Graduates “ill-prepared” for everyday legal work, says top futurologist

Futurologist Richard Susskind has bemoaned the teaching of law in universities, describing it as his “single biggest worry”.

Susskind — an academic, author and speaker who has long predicted legal work will dry up in deference to technology — said:

In many UK law schools, the law is taught as it was in the 1970s. No regard for globalisation, commoditization, technology, AI… Most law professors are not remotely interested in this stuff.

Continuing his lecture at the Society for Computers and Law (SCL), of which he is the president, Susskind claimed:

So many graduates in the UK are ill-prepared for the everyday legal work of today… still less for tomorrow.

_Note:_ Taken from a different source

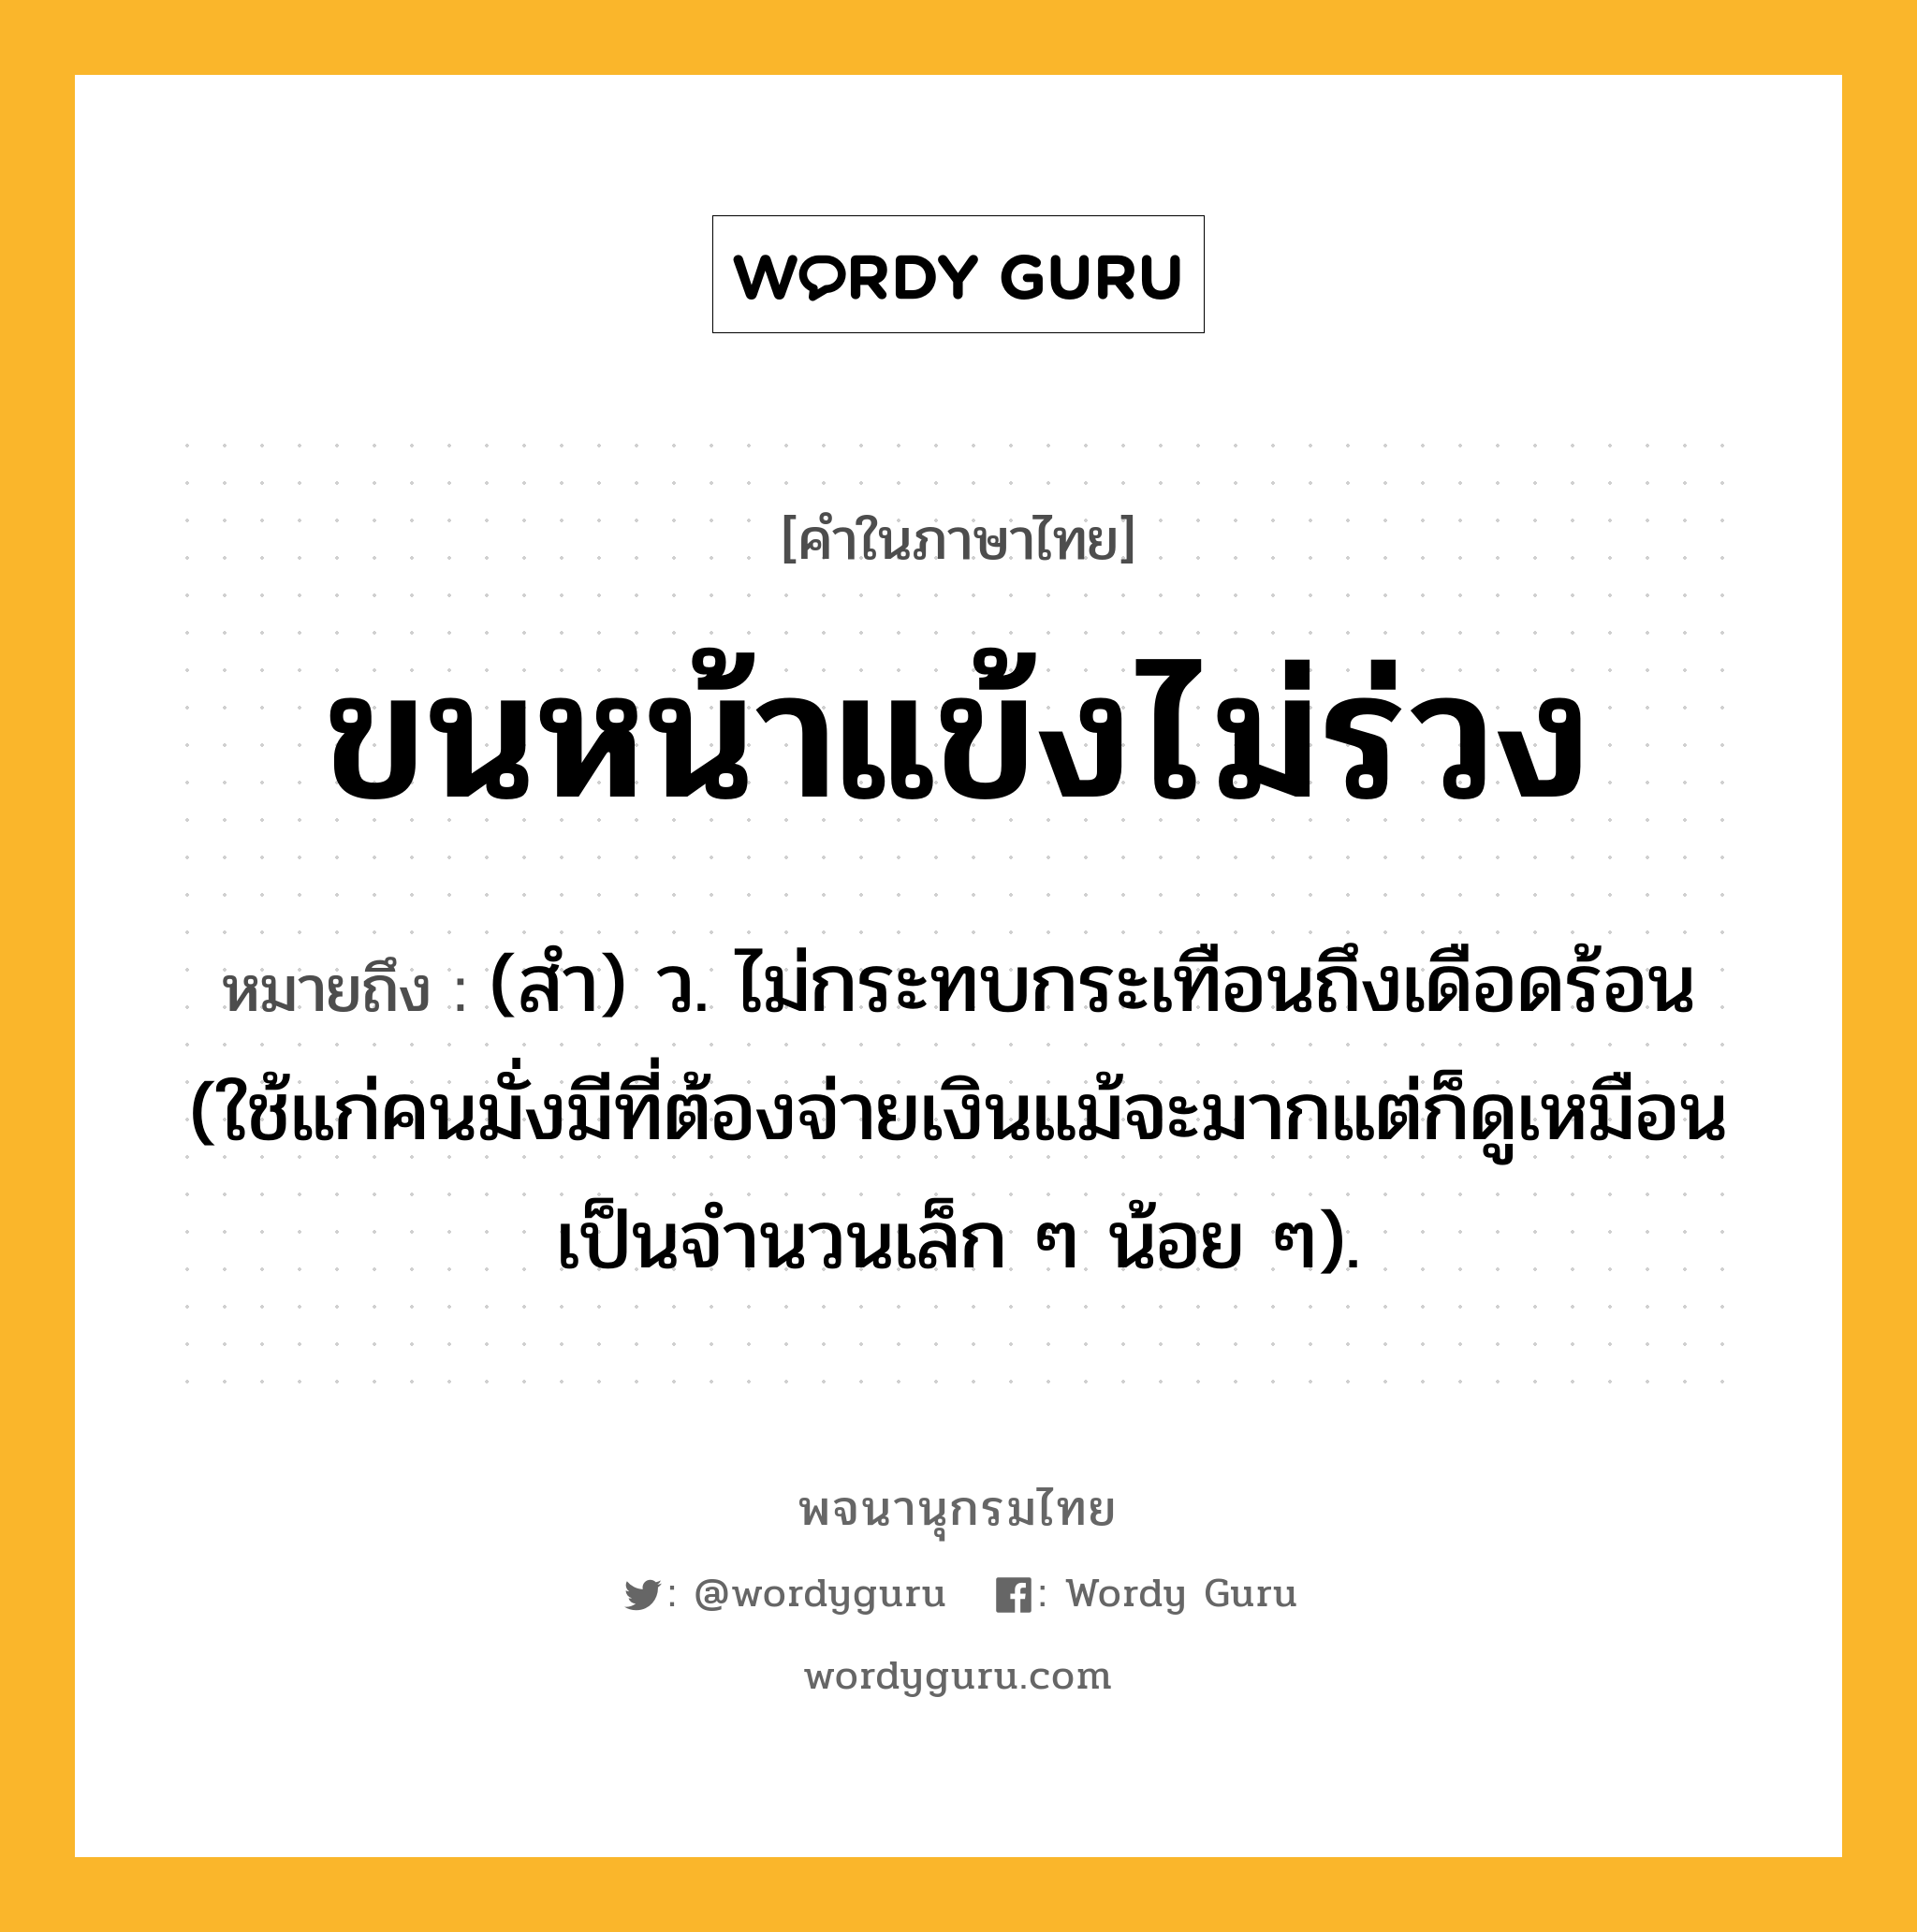 ขนหน้าแข้งไม่ร่วง หมายถึงอะไร?, คำในภาษาไทย ขนหน้าแข้งไม่ร่วง หมายถึง (สํา) ว. ไม่กระทบกระเทือนถึงเดือดร้อน (ใช้แก่คนมั่งมีที่ต้องจ่ายเงินแม้จะมากแต่ก็ดูเหมือนเป็นจํานวนเล็ก ๆ น้อย ๆ).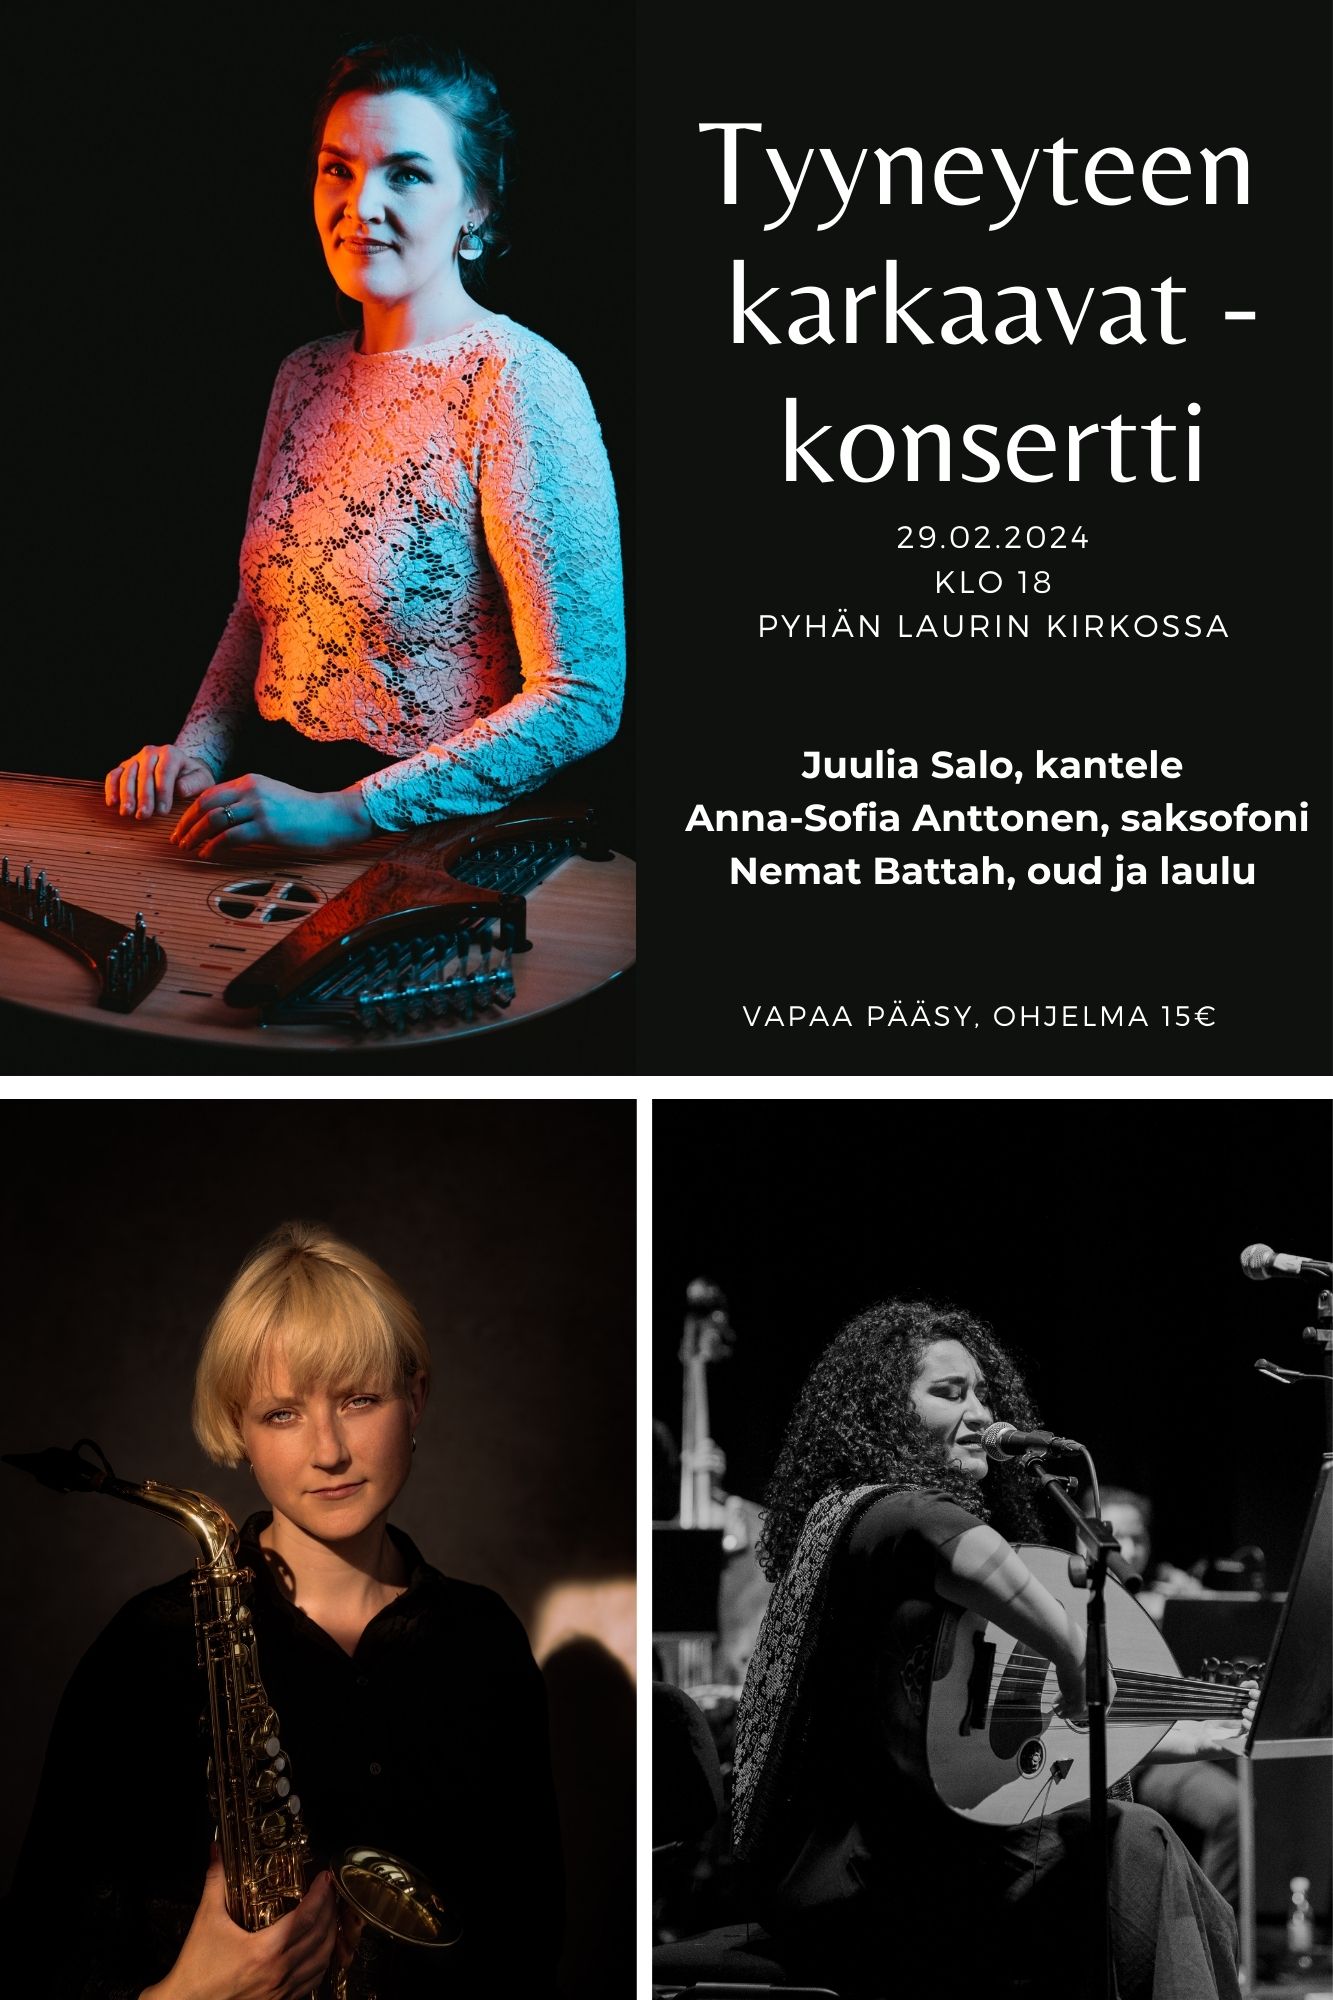 Karkauspäivän konsertti: Tyyneyteen karkaavat – Juulia Salo, kantele, Anna-Sofia Anttonen, saksofoni ja Nemat Battah, oud ja laulu.

The University of Glasgow graduate — who has written extensively about the demise of the profession — said law schools are not only indifferent but positively antagonistic towards the study of the future as a legitimate object of consideration. This, he continued:

[D]ismays me and worries me more than anything I’ve discussed tonight.

Elsewhere in his speech — which included an introduction by the Lord Chief Justice — Susskind predicted humans would one day emotionally connect with robots. These, he said, are being programmed to act as “helpers” that can detect human emotions and respond to them. Continuing, the top professor said:

I have little doubt we will have affection for and will have feelings for the generations of robots that will be our helpers and companions.

Susskind’s comments come in the same month as scientists at UCL and the University of Sheffield unveiled a new robotic judge. The high-tech AI software — which scanned over 580 human rights cases in order to create its algorithm — can now, according to its creators, predict the outcome of similar cases with 79% accuracy.